Question

11. Six 2-ohm resistors are placed in series and connected across a 12-volt battery’s terminals. The voltage I cannot easily obtain from this system is

(a) 3V

(b) 6V

(c) 9V

(d) 12V

Two 2 microfarad capacitors are connected in series and the combination placed across the terminals of a 12 V battery. What charge will appear on their positive plates?

(a) 1 μC

(b) 2 μC

(c) 4 μC

(d) 12 μC

Can someone explain these questions

Answer 1

remember these about Combination of capacitors

if C1 and C2 are the individual capacitor are connected in series,

then their resultant capaciatnce 1/Cnet = 1/C1+1/C2 or Cnet = C1C2/(C1+C2)

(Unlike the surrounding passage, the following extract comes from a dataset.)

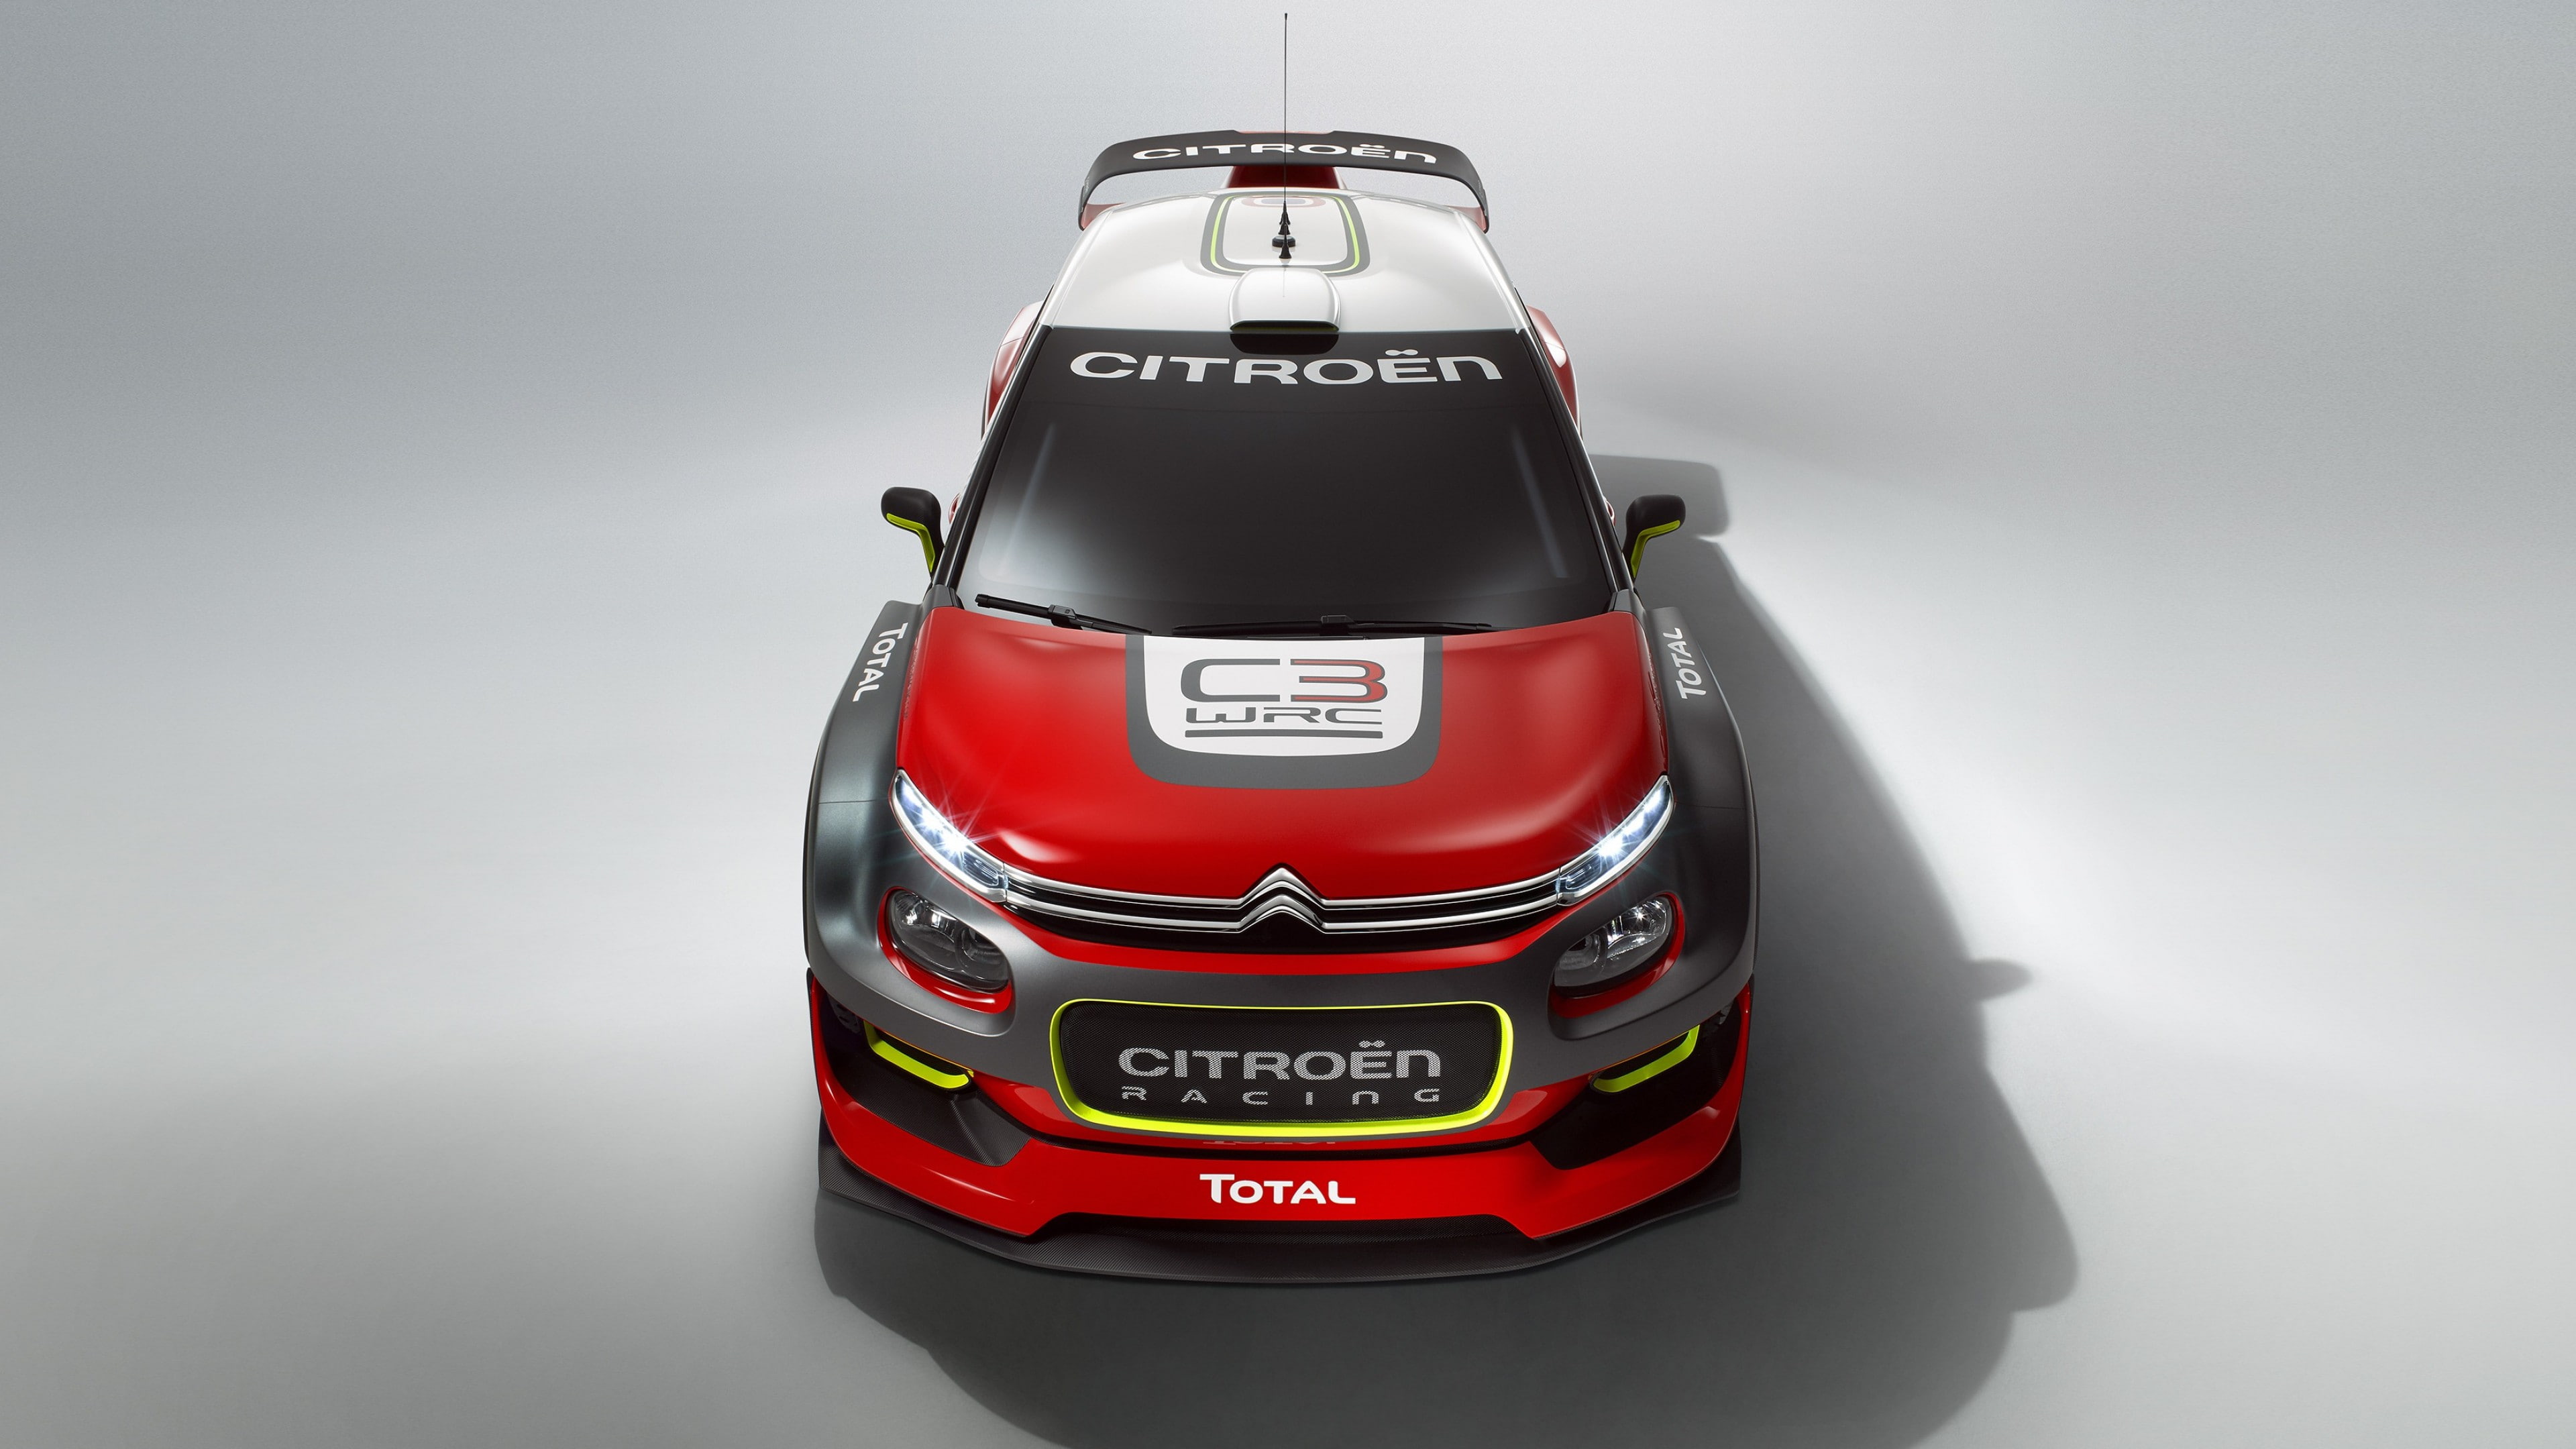 red and white Citroen C3 rally car, Citroen C3 WRC, paris auto show 2016

if c1 and C2 are connected in parallel, then their effective capacitancen is Cnet = C1+C2

also in sereis combination same amount of charge passes through each of the capacitiors

and in parallel combination, same PD (voltage) exists across each of the capacitor

remember these about Combination of Resistors

if R1 and R2 are the resistances connected in series then effective resiatcne Rnet = R1+R2

if R1 and R2 are connected in parallel, then 1/Rnet =1/R1 +1/R2 or Rnet = R1R2/(R1+R2)

same current passes through each of the ressitor in series combination and

same votage passes through eacf of the resistor in parallel combination

apply ohms law V = iR

where V = volatge and i = current

so here

11. Rnet of 6 two ohms resistors in series = Rs = nR = 6*2 = 12 ohms

using ohms law V = iR

i = 12/12 = 1Amps

Voltage across resisotr 1 = 1*2 = 42

Volatge across ressitor 2 = 1* 4 = 4 Volts

Volatge across ressitor3 = 1* 6 = 6 Volts

Volatge across ressitor 4 = 1* 8 = 8 Volts

Volatge across ressitor 5 = 1* 10 = 10Volts   

Volatge across ressitor 2 = 1* 12 = 12 Volts

so answers are option A and C ( 3 and9 Volts)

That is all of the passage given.